В то же время необходимо отметить: в течение последних лет с разных сторон предпринимаются попытки ревизии основополагающих принципов этого документа. Эта тенденция в последнее время превратилась в устойчивое явление.

Сила прецедента или прецедент силы

В советское время заход «нездешних» боевых кораблей в Черное море был редкостью. Обычно ежегодно их число не превышало нескольких единиц. Однако после 1991 г. их количество измеряется десятками. Причем нечерноморские державы, видимо, основываясь на праве сильного, зачастую действуют не только на «грани фола», но и явно нарушают Конвенцию. Так, например, в учениях «Си бриз-98» приняли участие шесть кораблей нечерноморских держав общим тоннажем более 38 тыс. т (напомним, допускается 9 ед. и 45 тыс.). При этом общий тоннаж американских кораблей составил более 26 тыс. т (допускается не более 30 тыс. т). Формально нарушений не было, но и эти данные весьма показательны, да и в определенной мере относительны: точно определить тоннаж сложно, приходится верить данным официальных технических формуляров. Впрочем, есть и более красноречивые факты.

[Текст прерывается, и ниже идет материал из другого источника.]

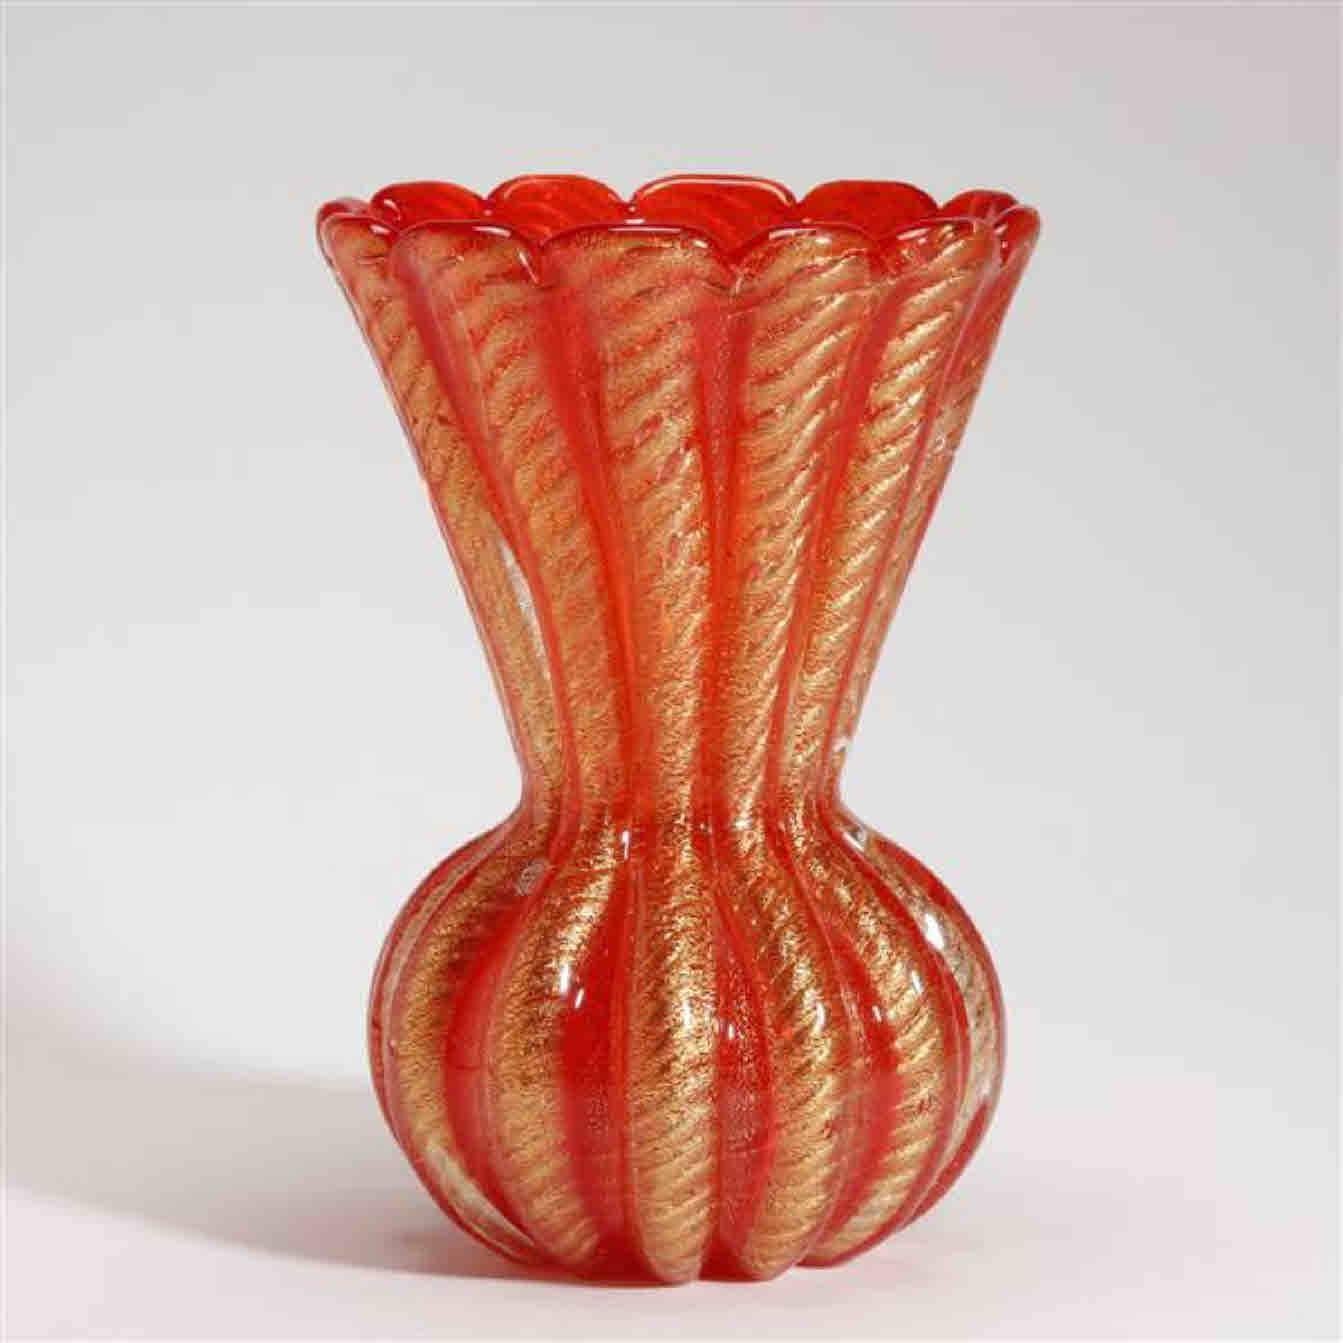 Vibrant red and gold Cordonato d'oro vase by Barovier and Toso.

В последнее время через Дарданеллы и Босфор проходили корабли ВМС США, имеющие водоизмещение более 10 тыс. т: «Пенсакола» (13.700 т), «Понсе» (ок. 17 тыс. т), «Ла Салль» (ок. 15 тыс. т). Плюс к тому в «Си бризе-98» участвовал десантный вертолетоносец «Остин» (ок. 17 тыс. т), который нес на борту 6 вертолетов СН-46 и UH-1. Его в полной мере можно отнести (исходя из Конвенции, принятой в 1936 г., когда вертолетов не было как таковых, а самолеты были исключительно поршневыми) к категории авианосцев, т.е. к носителям летательных аппаратов. Надо было бы иметь в виду и то, что современный вертолет по своим боевым возможностям далеко превосходит самолеты довоенной поры.

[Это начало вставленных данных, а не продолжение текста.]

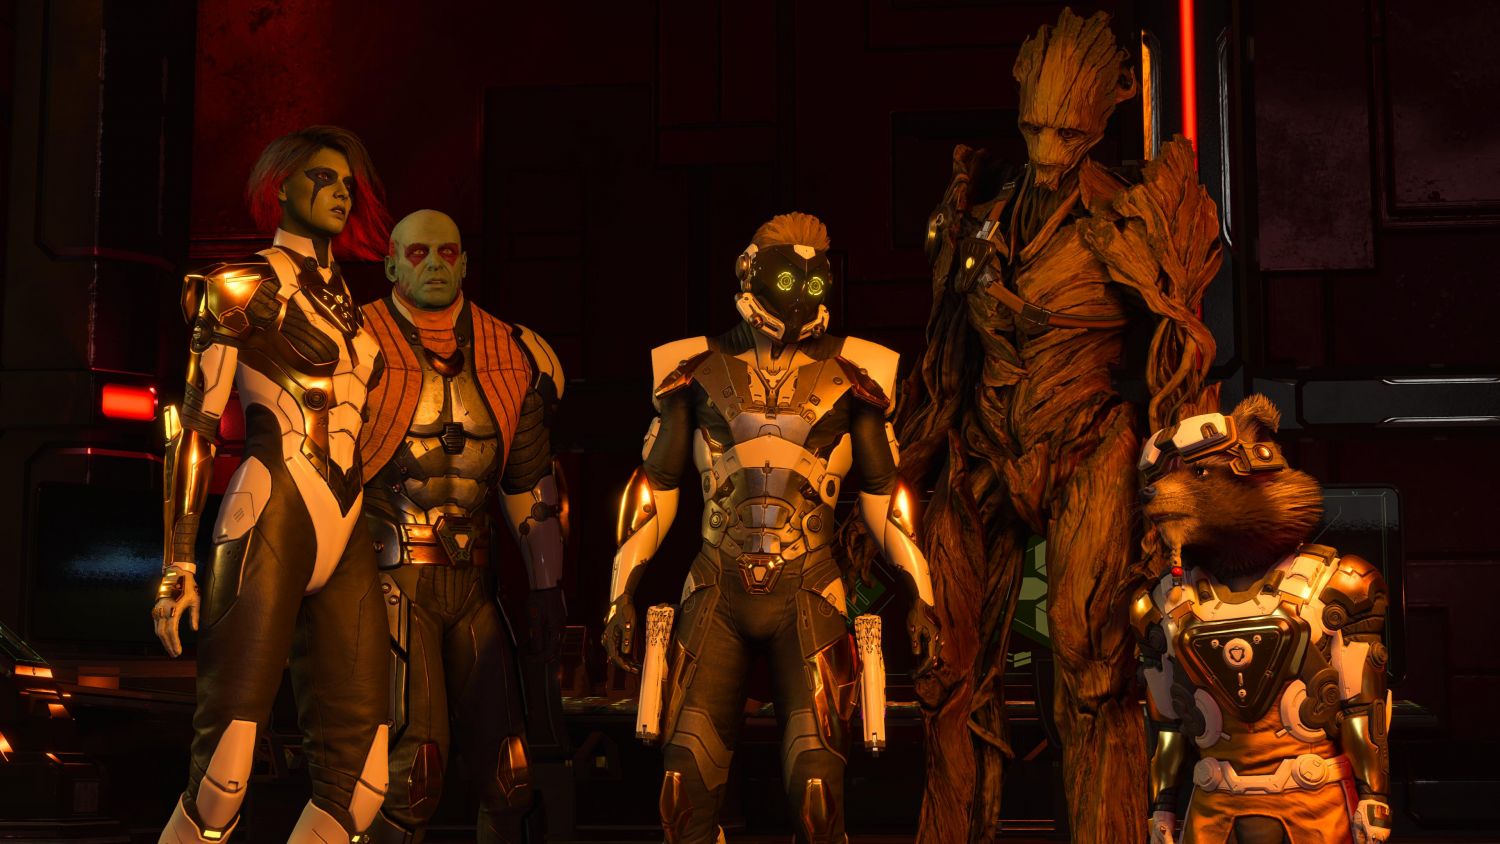 Geek Review: Marvel's Guardians of the Galaxy - The team

Еще один момент, на который следует обратить внимание. Постоянно в Черное море заходят корабли-носители ядерного оружия, мощь которого несоизмеримо превышает артиллерию калибра свыше 203 мм (другое ограничение Конвенции для кораблей нечерноморских держав). Как правило, их командование не опровергает и не подтверждает его наличия на борту — такова международная практика, но она не снимает возникающих в связи с этим вопросов. Особенно с учетом того, что та же Украина заявила о своем безъядерном статусе.

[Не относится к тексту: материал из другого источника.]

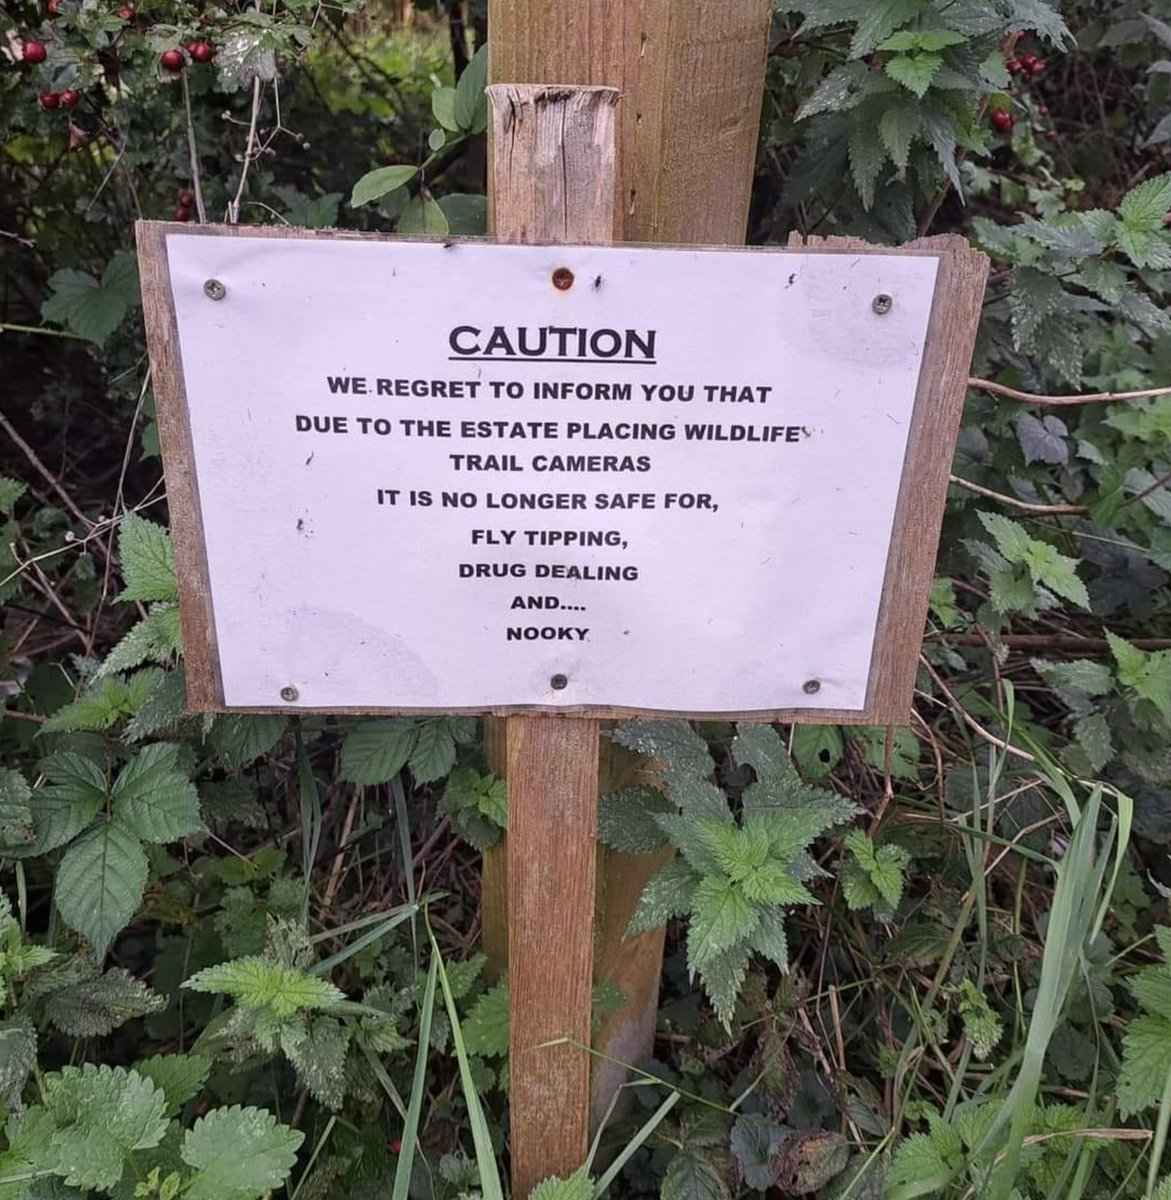 A local community group have put these up - ruining everyone's fun.

Таким образом, создаются прецеденты, мягко говоря, подвергающие сомнению эффективность действующей Конвенции о Черноморских проливах. Сила этих прецедентов такова, что действия, по сути, дезавуирующие ее статьи, продолжают иметь место до сих пор. Причем американцы не одиноки в своих попытках нарушить существовавший несколько десятилетий статус-кво.
К
примеру, в Черное море, в Севастополь, являющийся одновременно главным местом базирования ВМС Украины и ЧФ РФ, заходил десантно-вертолетный корабль-док «Фиарлесс». Его водоизмещение превышает 10 тыс. т (11.600). Этот вертолетоносец-док способен нести 4 противолодочных вертолета «Си Кинг» (на самом деле летательных аппаратов может быть гораздо больше, если учесть его использование в десантном варианте, когда на палубе корабля размещается до десятка «Газелей» или других вертолетов). Кроме того, следовало бы подчеркнуть: нынешняя концепция развития палубной авиации и мировая практика предусматривают как можно более широкое использование самолетов с вертикальным (укороченным) взлетом-посадкой.
Кроме
того, близким к нарушению Конвенции можно считать размещение на Дунае (а это бассейн Черного моря) военных катеров США для решения задач в период кризиса на Балканах. Кстати, американские катера спецназначения, выйдя с реки в море, даже совершили переход в Севастополь, где находились с визитом.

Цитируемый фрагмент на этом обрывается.